The “Med-Red” pipeline was built decades ago to move Iranian oil, Mr. Boehler said, before the Islamic revolution of 1979 turned Israel and Iran from allies into bitter enemies.
The other initial project would be to “modernize the checkpoints” for the roughly 2.7 million Palestinians living under Israel’s occupation of the West Bank, Mr. Boehler said. Israel has already upgraded a number of key crossings with biometric scanners and other technology, cutting the time it takes to transit those bottlenecks from hours to minutes.
In an interview, Mr. Boehler said that Mr. Netanyahu had pressed him about the idea over lunch recently and had made checkpoint improvements “No. 1 on his list” of recommendations for the new fund.
But that announcement drew harsh denunciations from Palestinian officials who said it meant that Emirati and American money would be used to reinforce Israel’s military rule. The news appeared to heighten Palestinians’ feelings of betrayal by the U.A.E.
“It is a stamp of approval for the Israeli occupation’s continuation,” said Ahmad Majdalani, the Palestinian Authority’s minister of social development. “It’s a gift that will encourage Israel to continue its unjust actions.”

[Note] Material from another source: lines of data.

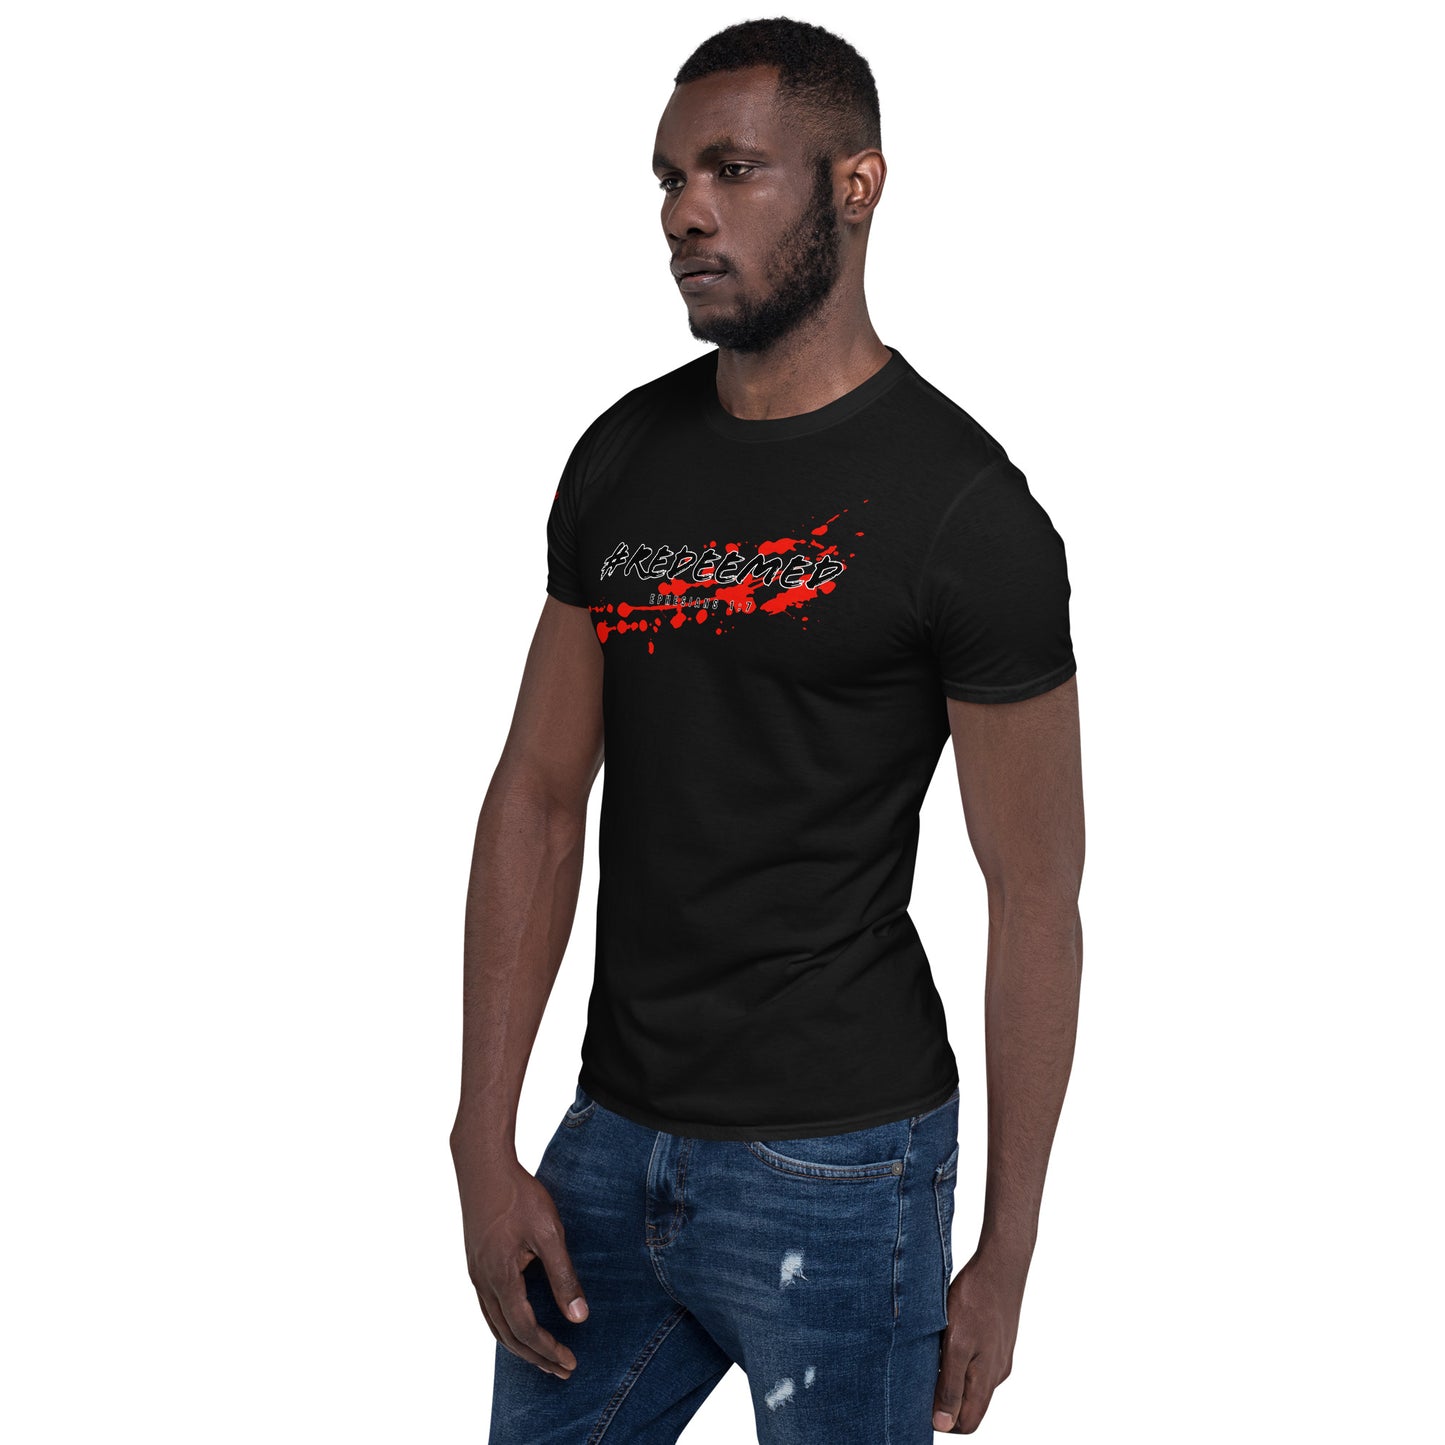 #REDEEMED- Short-Sleeve Unisex T-Shirt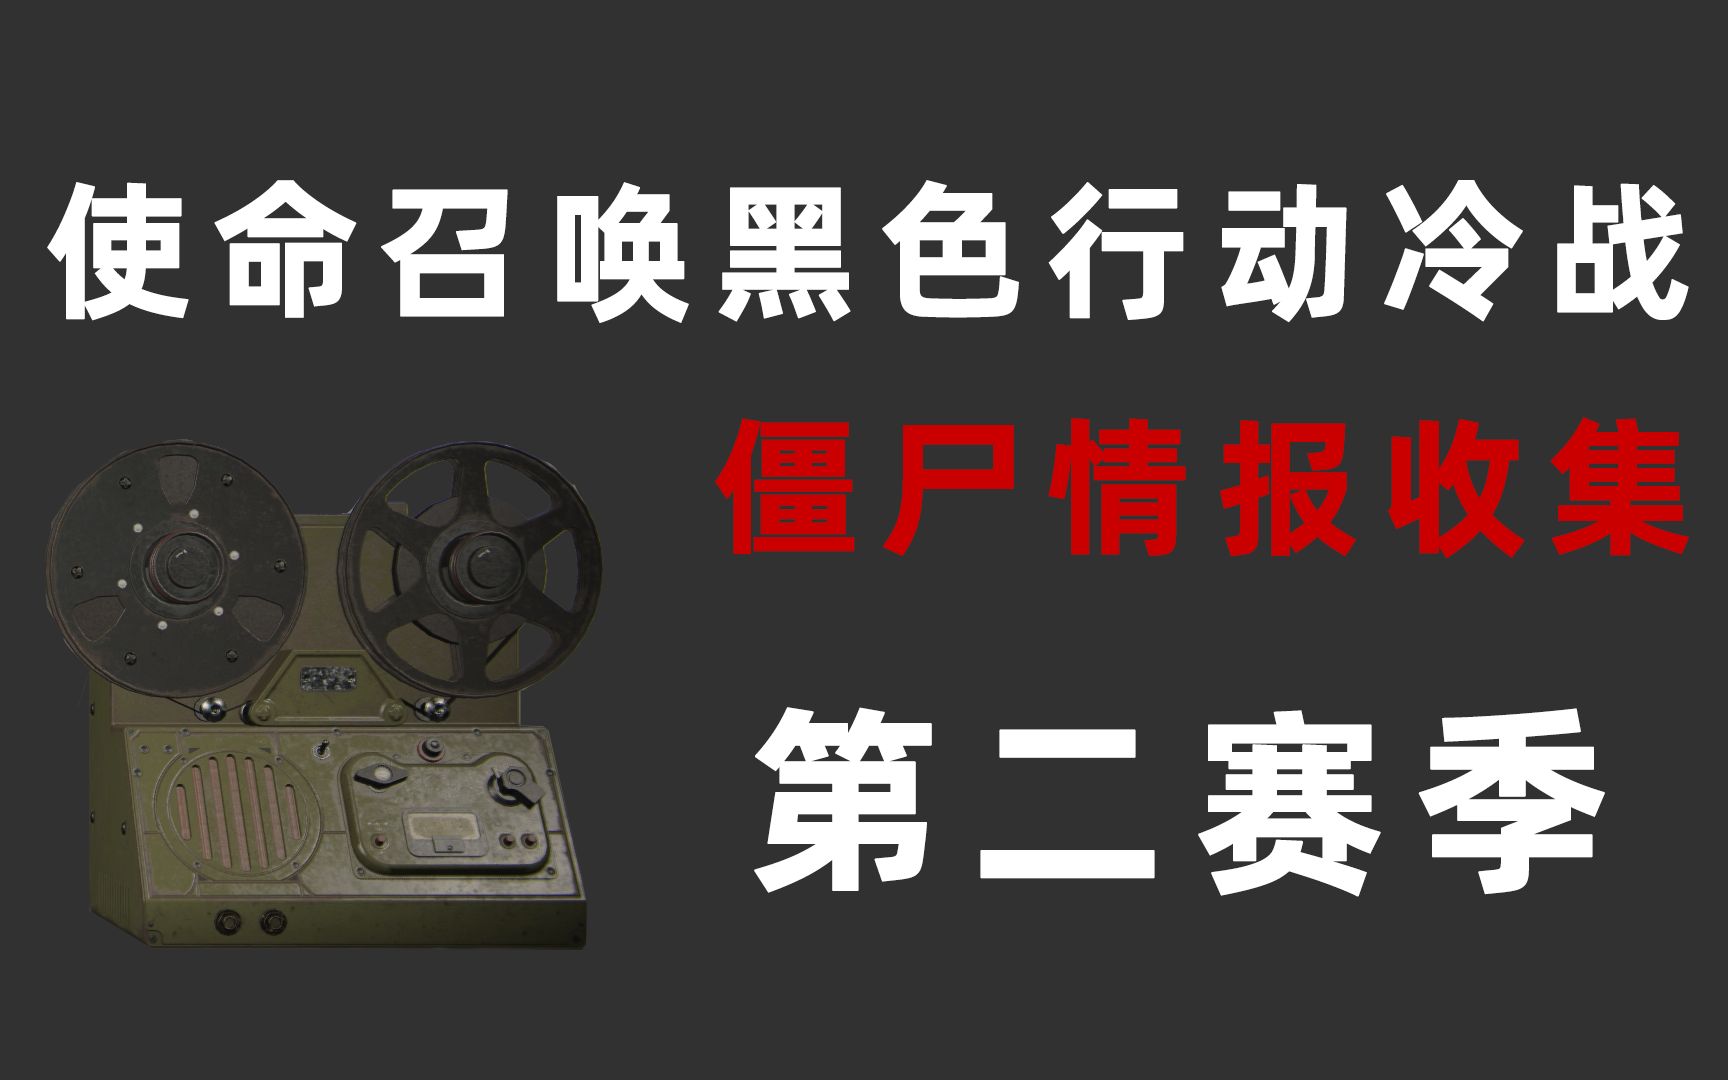 《使命召唤15》简体中文官网上线售价1834新台币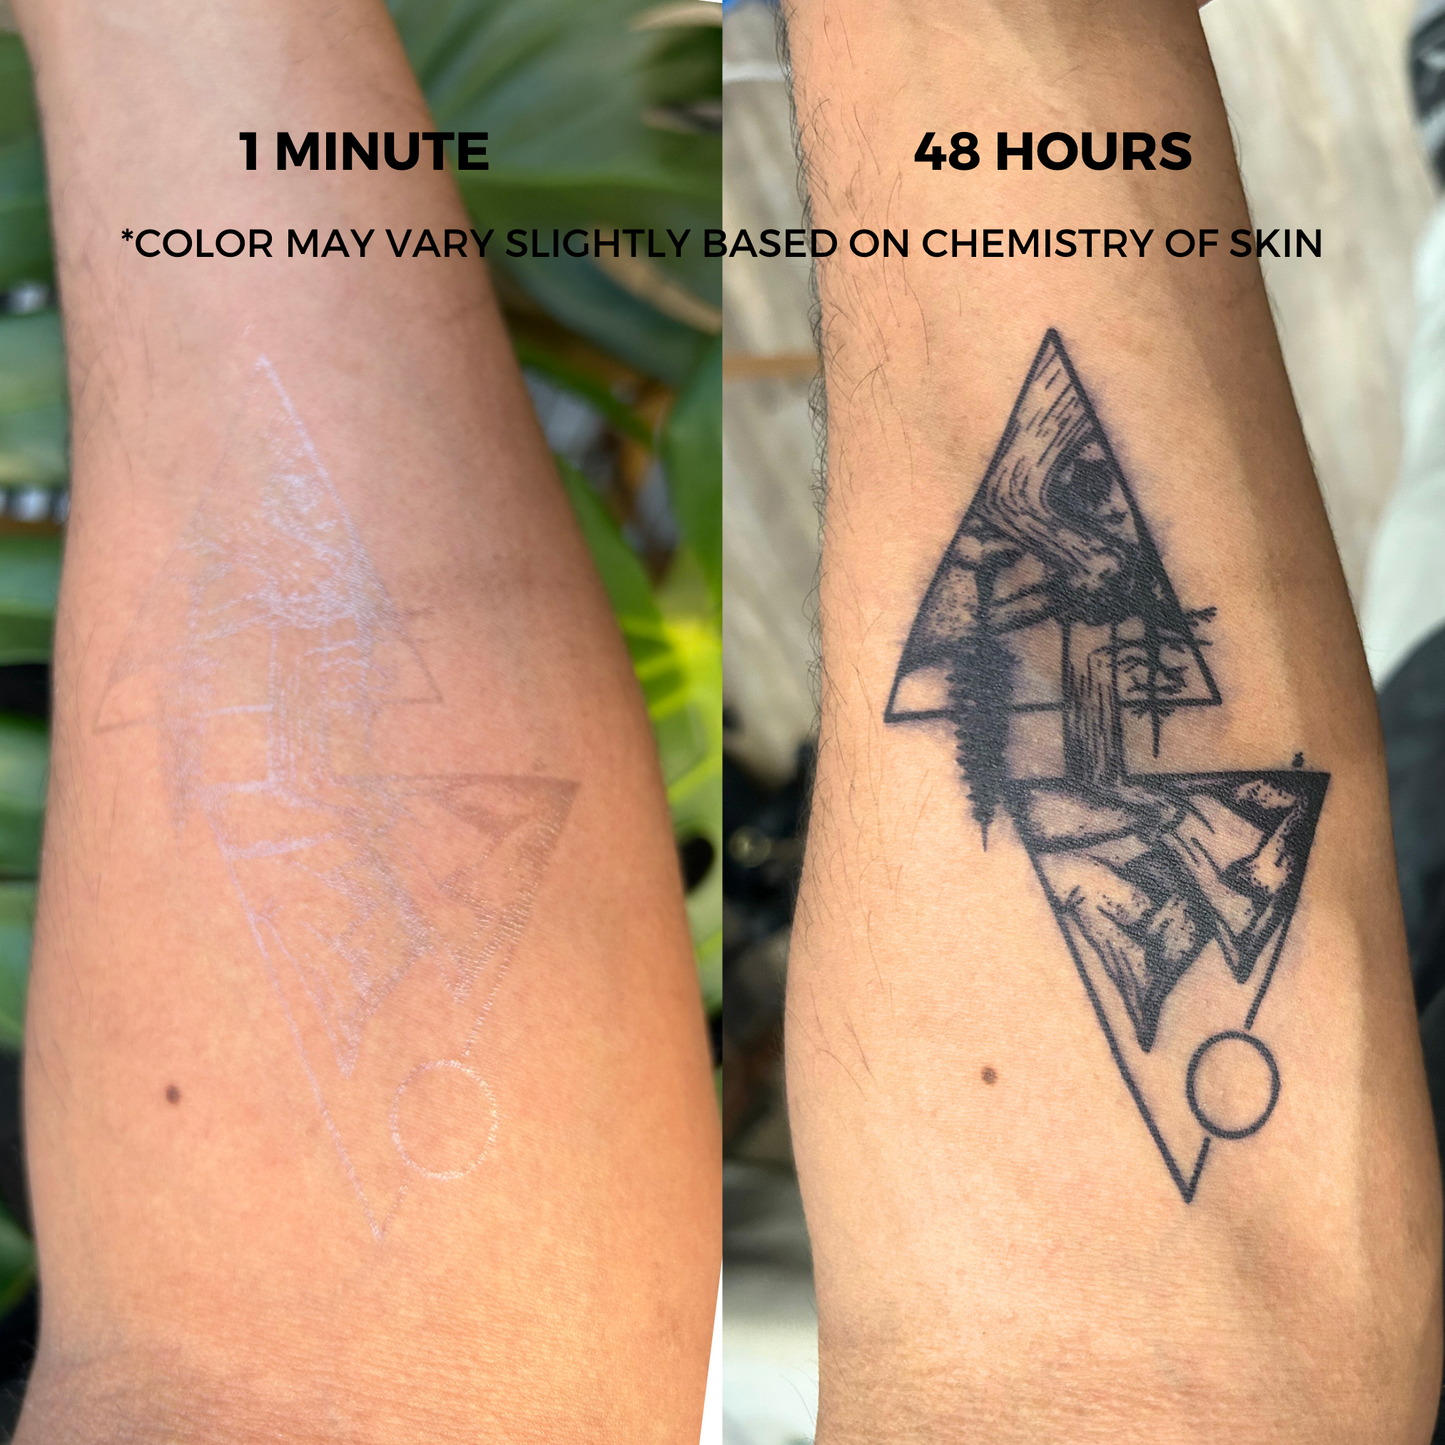 Bird Tattoo | 2 Week Temporary Tattoo | Semi Permanent Tattoo | Plant Based Vegan Tattoo | Inspirational Tattoo | Letter Tattoo | Festival Tattoo | Gift Idea | Boho Tattoo | Bohemian Tattoo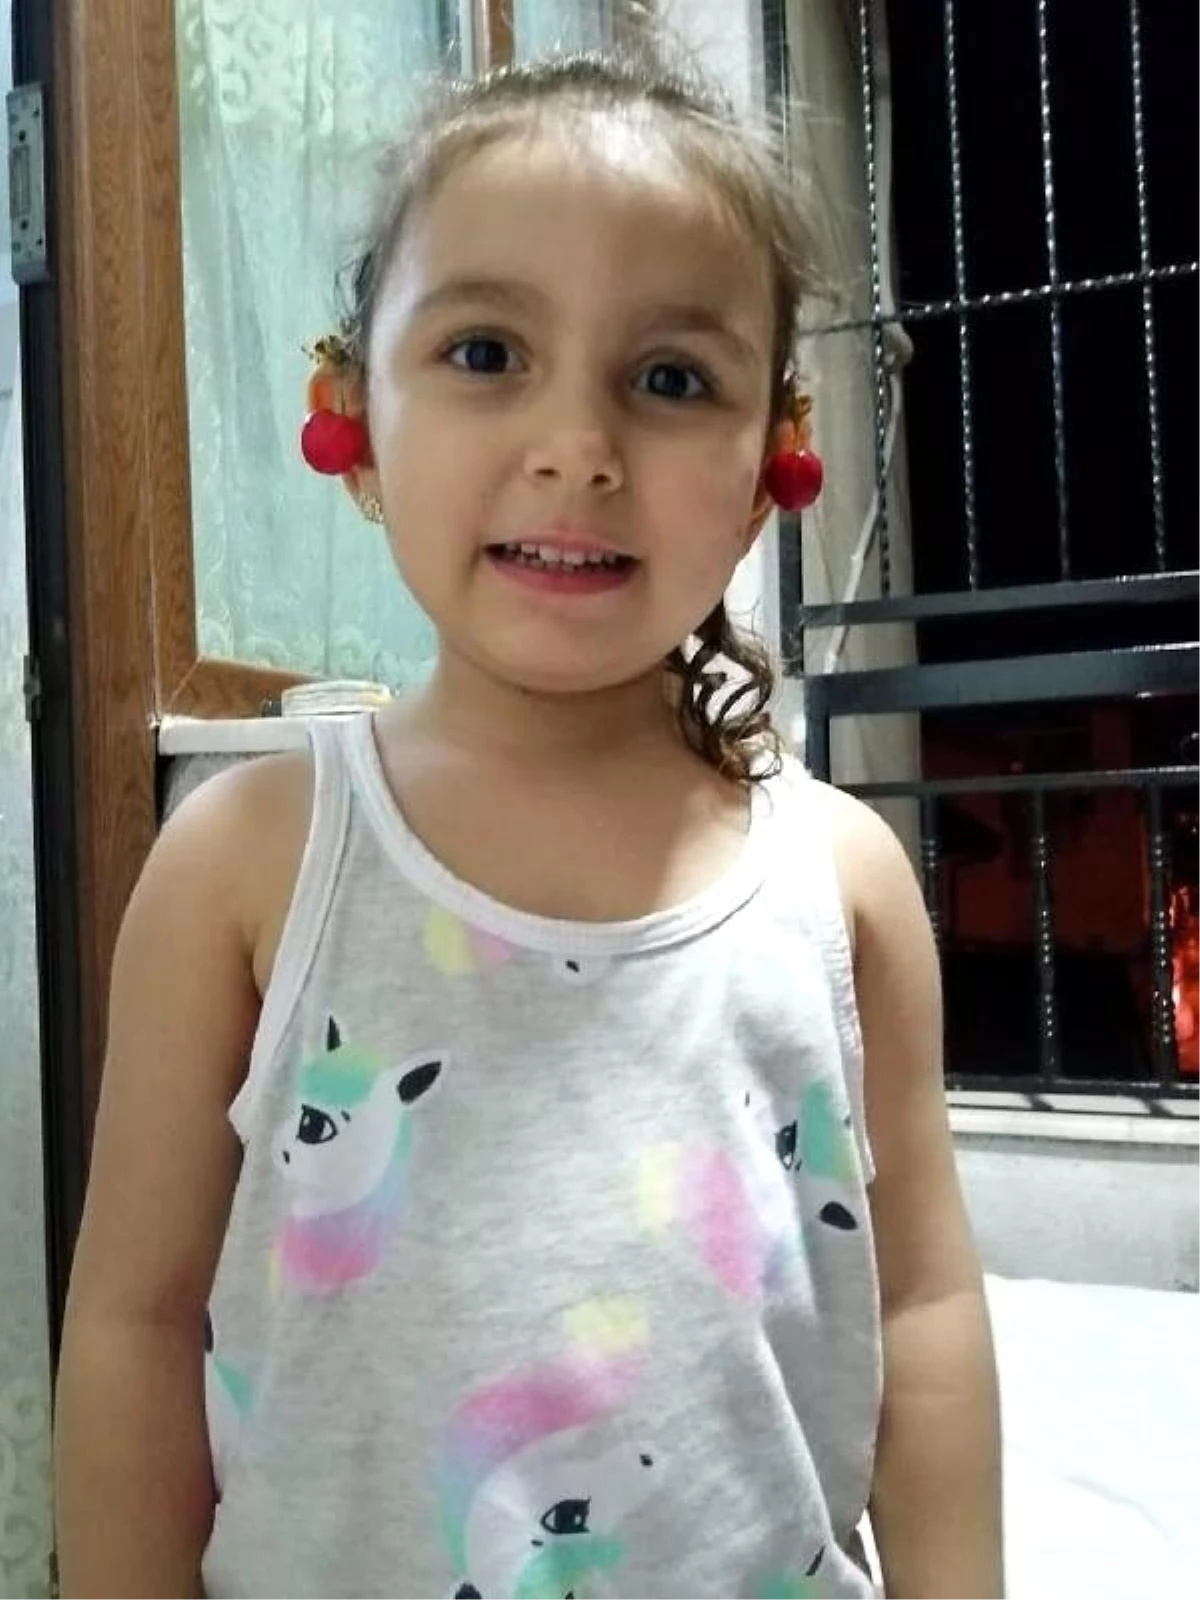 4 yaşındaki kızını yastıkla boğdu, çelişkili ifadesi cinayeti ortaya çıkardı

Emiratis have insisted that their normalization of relations with Israel would ultimately prove helpful to the Palestinian cause. But Mr. Majdalani pointedly said that Emirati-funded checkpoint upgrades would not bring peace any closer.
“We are not fooled by what they are doing,” he said.
Mr. Boehler defended spending to improve checkpoints, where on a normal day tens or even hundreds of thousands of Palestinians cross into Israeli territory for work or medical appointments.
“If you represent the Palestinian people and we can save 200,000 or 400,000 hours, every single day, that’s a huge economic cost,” he said. “That makes a big difference. And it makes a big difference to people in the West Bank.”
Mr. Boehler said that the fund would also “look at investments that benefit directly the resilience of people in the West Bank.”
In a statement, the Emirati minister of state, Ahmed Al Sayegh, said the fund was intended to “put the well-being of people first, regardless of their creed or identity.”